2319 to private respondent.  The agreement was contained in a receipt prepared by private respondent’s son-in-law,
Andres Flores, at her behest. Fortunato and petitioner denied the material allegations of the complaint and claimed that
Fortunato never sold his share in Lot No. 2319 to private respondent and that his signature appearing on the purported
receipt was forged. She also stated in her testimony that her husband was an illiterate and only learned how to write his
name in order to be employed in a sugar central.

Issue: Whether a contract of sale exist between the Petitioner and Defendant?

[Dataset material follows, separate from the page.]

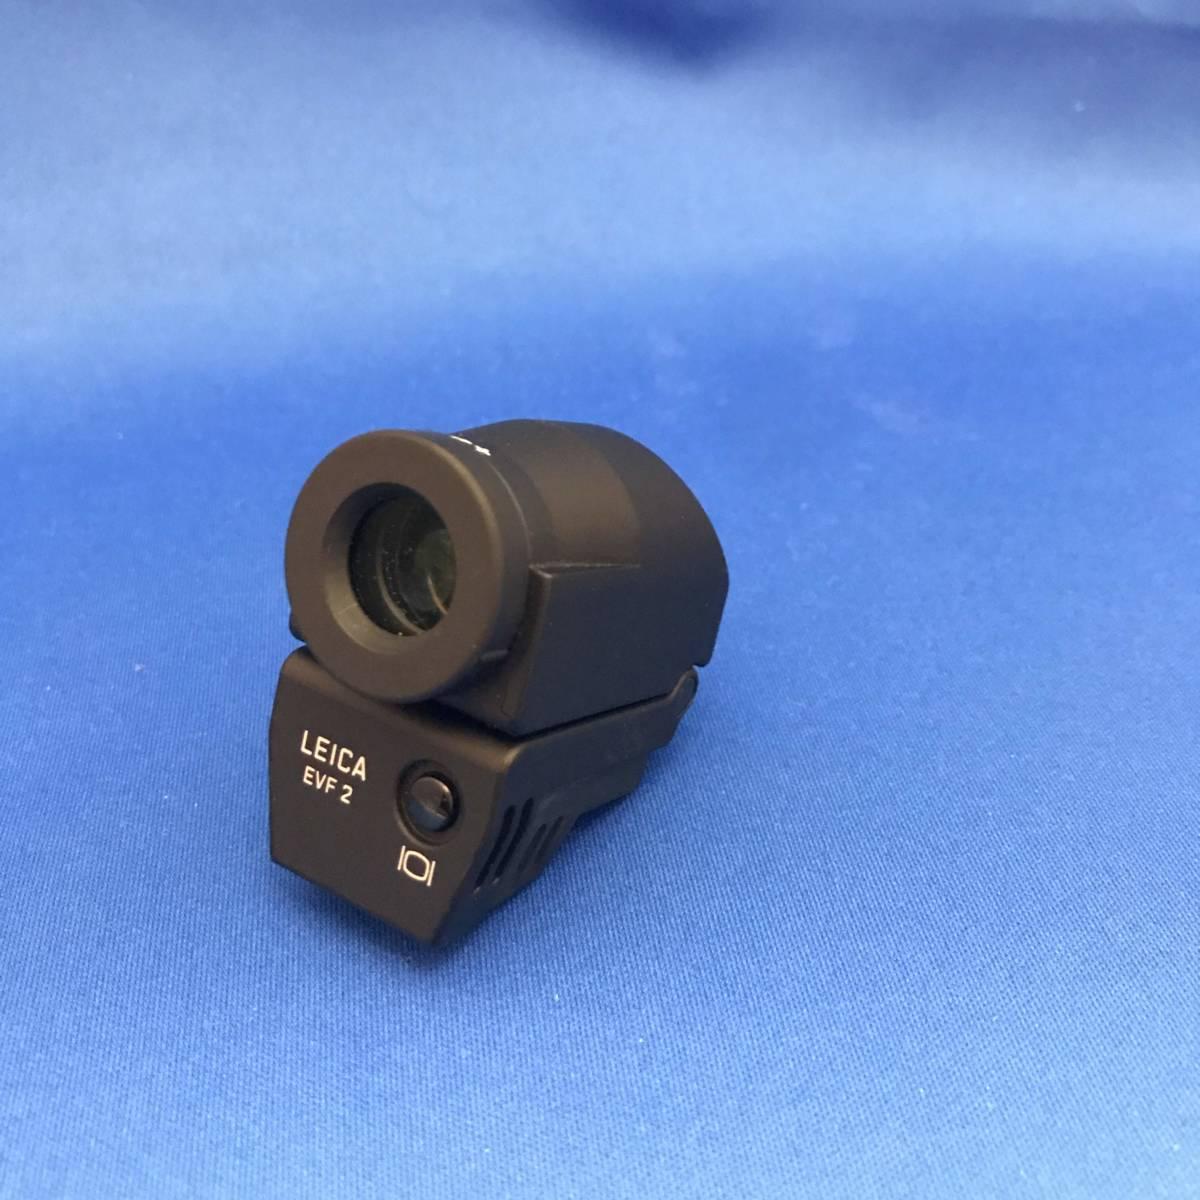 ライカ Leica 18753 EVF2 電子ビューファインダー 極美品 ケース 取説 元箱 送料無料 カバー付き_画像2

Held: No, A contract of sale is a consensual contract, thus, it is perfected by mere consent of the parties.  It is born from
the moment there is a meeting of minds upon the thing which is the object of the sale and upon the price. Upon its
perfection, the parties may reciprocally demand performance, that is, the vendee may compel the transfer of the
ownership and to deliver the object of the sale while the vendor may demand the vendee to pay the thing sold. For there
to be a perfected contract of sale, however, the following elements must be present: consent, object, and price in money
or its equivalent.   In this case, as private respondent is the one seeking to enforce the claimed contract of sale, she bears
the burden of proving that the terms of the agreement were fully explained to Fortunato Ape who was an illiterate.  This
she failed to do.  While she claimed in her testimony that the contents of the receipt were made clear to Fortunato, such
allegation was debunked by Andres Flores himself when the latter took the witness stand.  As can be gleaned from
Flores’s testimony, while he was very much aware of Fortunato’s inability to read and write in the English language, he did
not bother to fully explain to the latter the substance of the receipt.  He even dismissed the idea of asking somebody else
to assist Fortunato considering that a measly sum of thirty pesos was involved.  Evidently, it did not occur to Flores that
the document he himself prepared pertains to the transfer altogether of Fortunato’s property to his mother-in-law.  It is
precisely in situations such as this when the wisdom of Article 1332 of the Civil Code readily becomes apparent which is
“to protect a party to a contract disadvantaged by illiteracy, ignorance, mental weakness or some other handicap.  The
Court annulled the contract of sale between Fortunato and private respondent on the ground of vitiated consent.